Programmatic Implications

Cotrimoxazole prophylaxis has been shown to reduce morbidity, hospital admissions, and mortality in HIV-infected adults and children in lower-income countries and in the absence of ART.(4,5,6) The WHO recommends cotrimoxazole prophylaxis for all HIV-infected adults and children who are symptomatic or, in the absence of symptoms, who are immunocompromised.(7) In spite of these recommendations, not all lower-income countries have adopted prophylaxis as part of routine HIV health care. The results from this outstanding study, combined with other cost-effectiveness analyses of cotrimoxazole prophylaxis, provide strong support for lower-income countries to prioritize the addition of prophylaxis into their basic medical care services for HIV-infected adults and children.

References

  1. Tengs TO, Lin TH. A meta-analysis of utility estimates for HIV/AIDS. Med Decis Making 2002;22(6):475-81.

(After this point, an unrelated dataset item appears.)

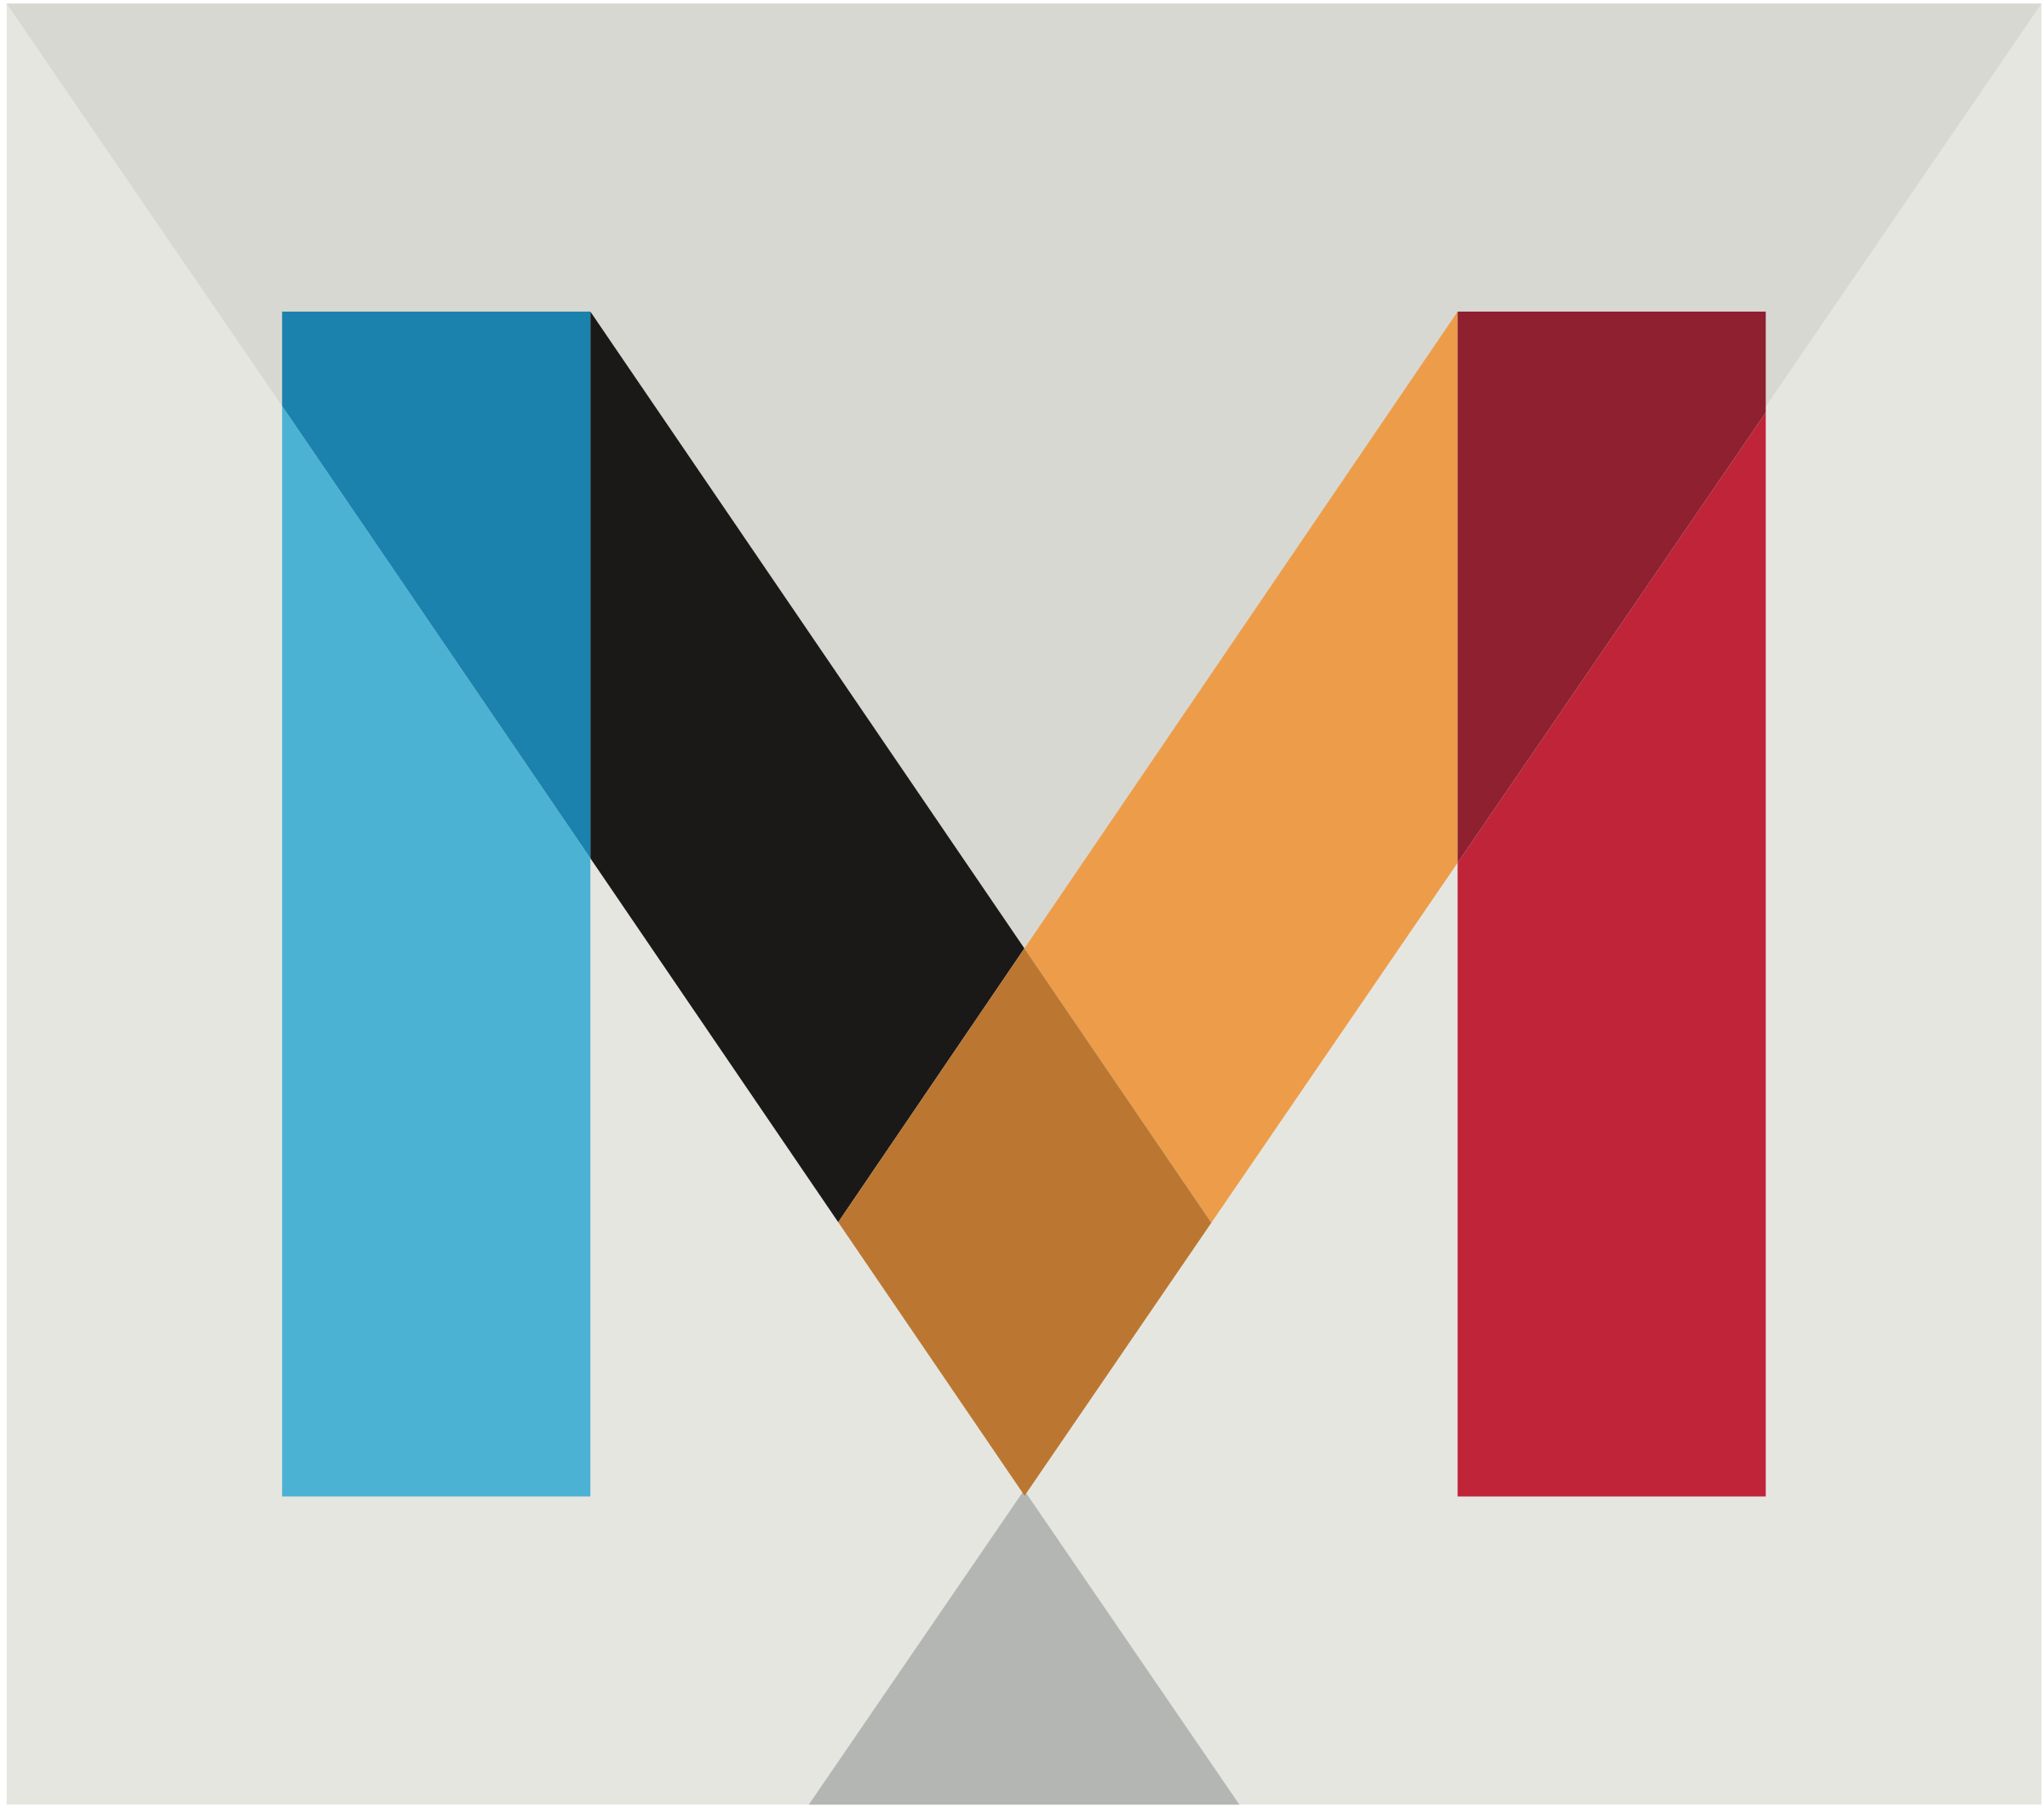 Mandrill Logo - Mandrill Logo PNG Transparent & SVG Vector

  2. Hughes J, Jelsma J, Maclean E, Darder M, Tinise X. The health-related quality of life of people living with HIV/AIDS. Disabil Rehabil 2004;26(6):371-6.

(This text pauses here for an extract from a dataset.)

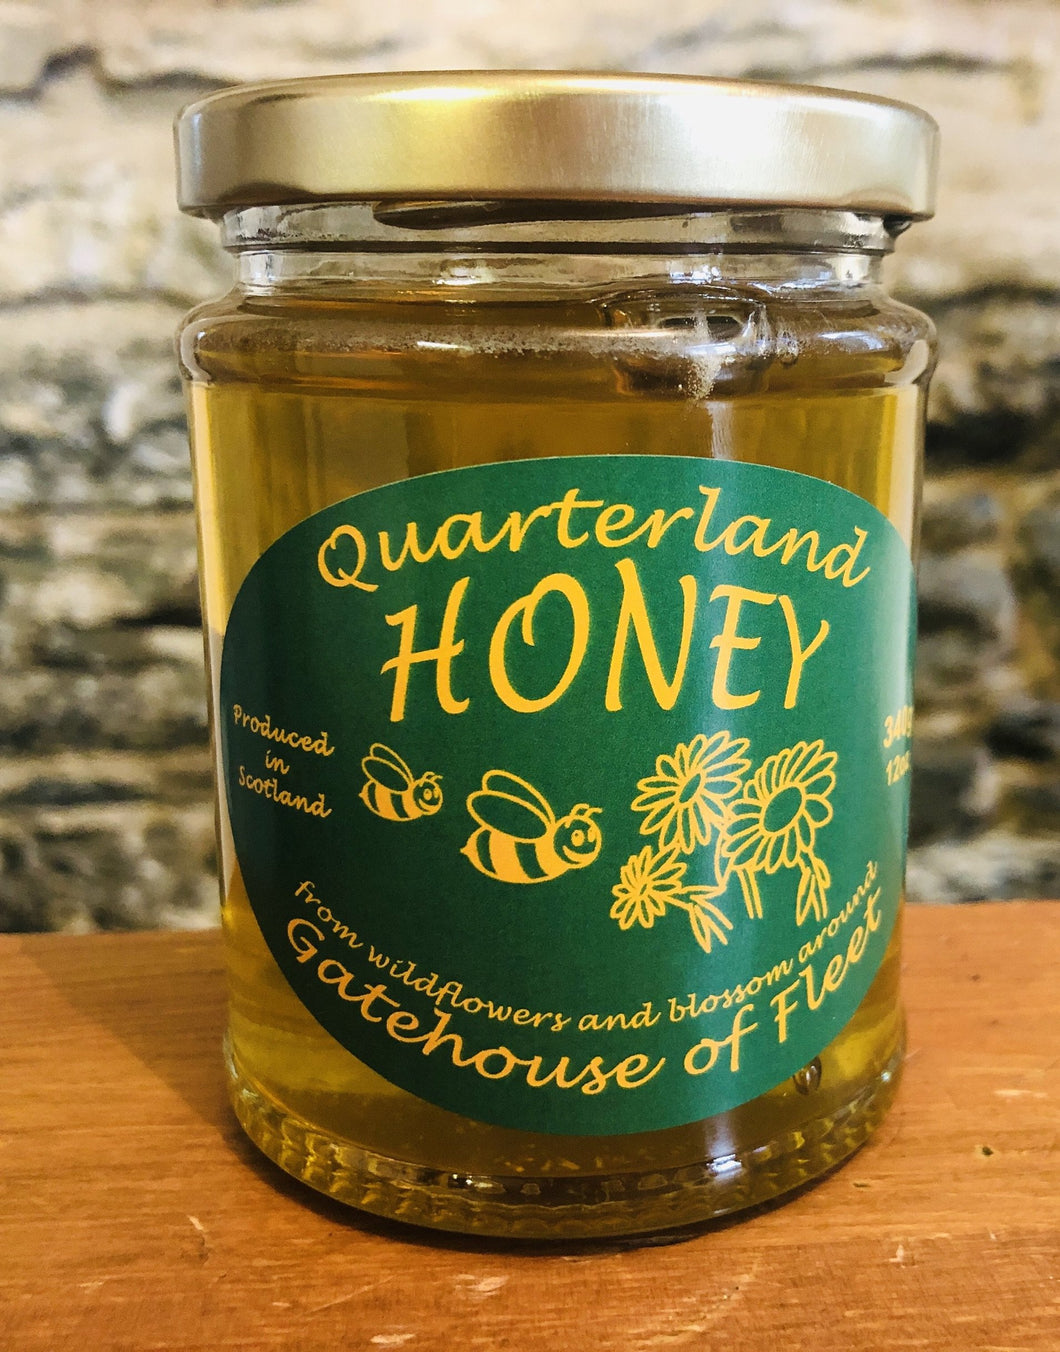 Gatehouse Of Fleet Honey (Quarterland)

  3. Ofman JJ, Sullivan SD, Neumann PJ, et al. Examining the value and quality of health economic analyses: implications of utilizing the QHES. J Manag Care Pharm 2003;9(1):53-61.
  4. Chintu C, Bhat GJ, Walker AS, et al. Co-trimoxazole as prophylaxis against opportunistic infections in HIV-infected Zambian children (CHAP): a double-blind randomised placebo-controlled trial. Lancet 2004;364(9448):1865-71.
  5. Wiktor SZ, Sassan-Morokro M, Grant AD, et al. Efficacy of trimethoprim-sulphamethoxazole prophylaxis to decrease morbidity and mortality in HIV-1-infected patients with tuberculosis in Abidjan, Cote d'Ivoire: a randomised controlled trial. Lancet 1999;353(9163):1469-75.
  6. Anglaret X, Chene G, Attia A, et al. Early chemoprophylaxis with trimethoprim-sulphamethoxazole for HIV-1-infected adults in Abidjan, Cote d'Ivoire: a randomised trial. Cotrimo-CI Study Group. Lancet 1999;353(9163):1463-8.
  7. WHO: Guidelines for cotrimoxazole prophylaxis for HIV-related infections among children, adolescents, and adults in resource limited settings, 2006.